• **Task instructions**: Please set down the data word for word; images do not go in the copy.

• **Given information**:

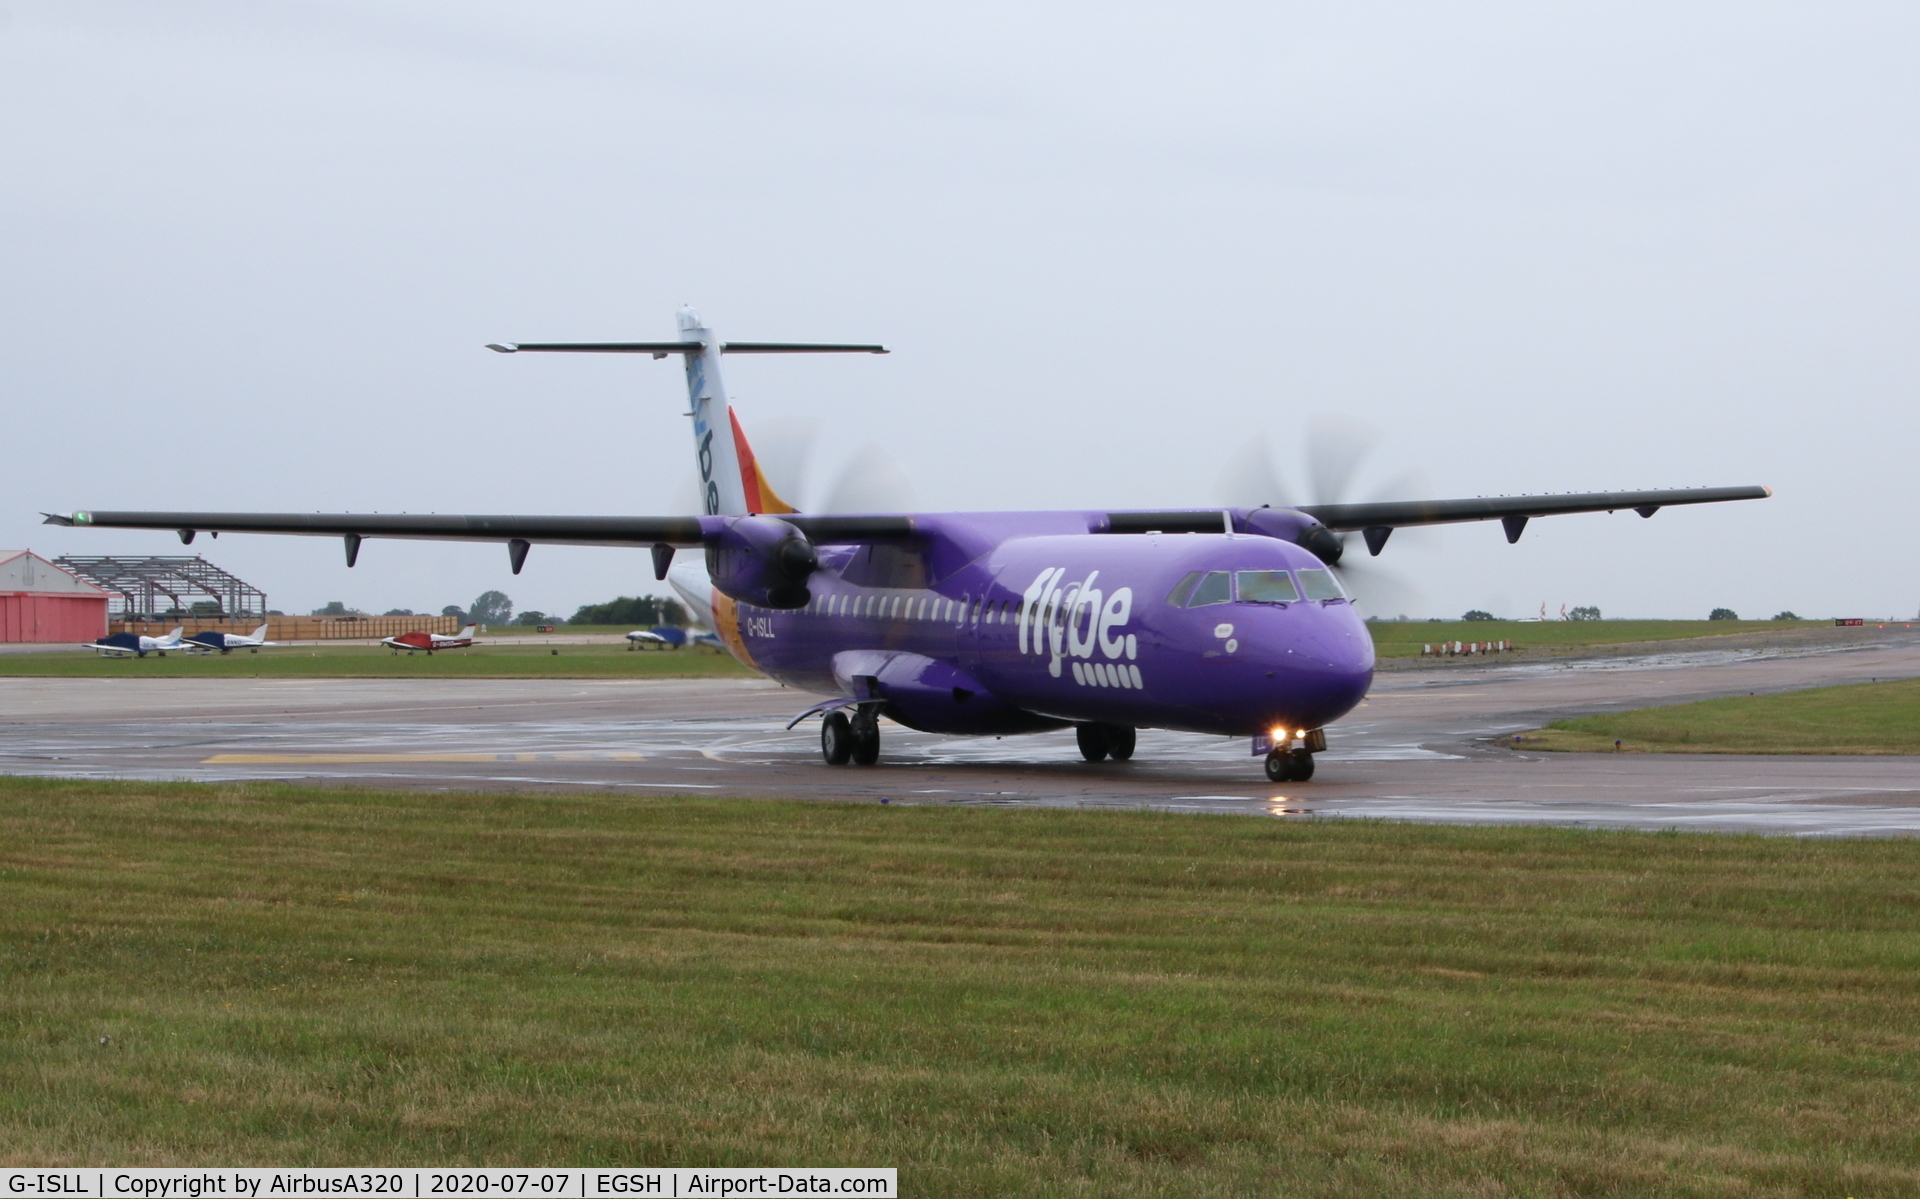 G-ISLL, 2002 ATR 72-212A C/N 696, Arriving at Norwich for a repaint, loosing the Flybe brand
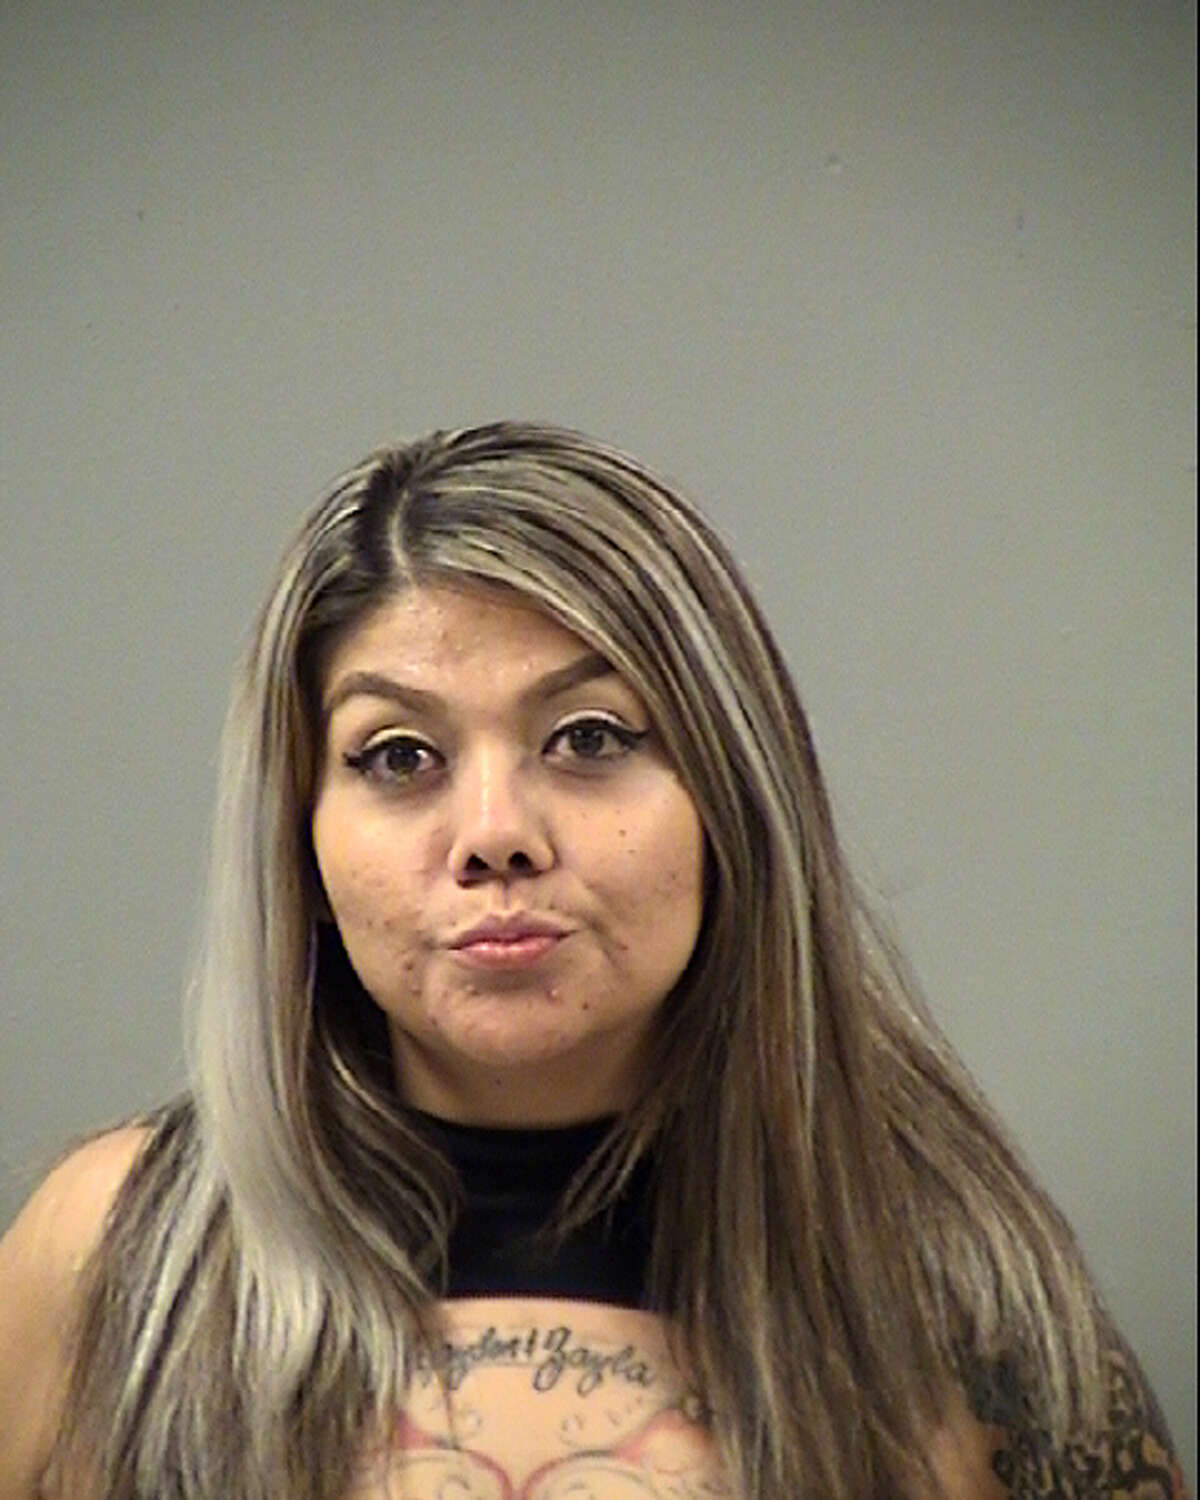 Jezebel Eve Vasquez Charge(s): Driving while intoxicated — with child passenger under 15 years old Charge date: Sept. 23, 2017
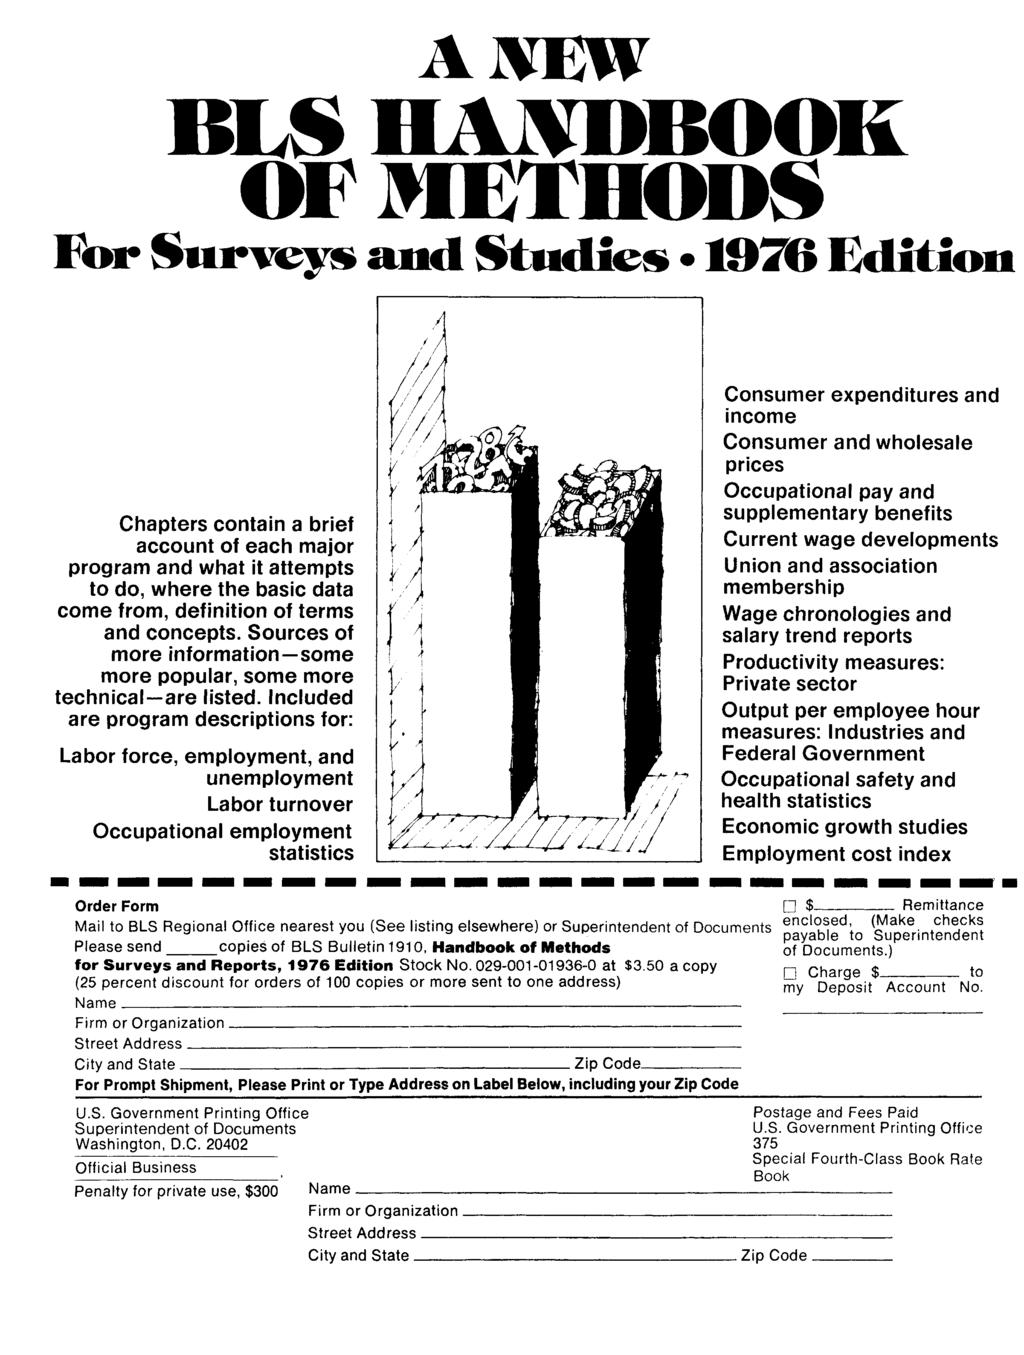 AJVEW B LS HAJVUBOOIi OF METHODS ibr Surveys and Studies 1920 Edition Chapters contain a brief account of each major program and what it attempts to do, where the basic data come from, definition of

• **The completed task**:
 G-ISLL, 2002 ATR 72-212A C/N 696, Arriving at Norwich for a repaint, loosing the Flybe brand
 Jezebel Eve Vasquez Charge(s): Driving while intoxicated — with child passenger under 15 years old Charge date: Sept. 23, 2017
 AJVEW B LS HAJVUBOOIi OF METHODS ibr Surveys and Studies 1920 Edition Chapters contain a brief account of each major program and what it attempts to do, where the basic data come from, definition of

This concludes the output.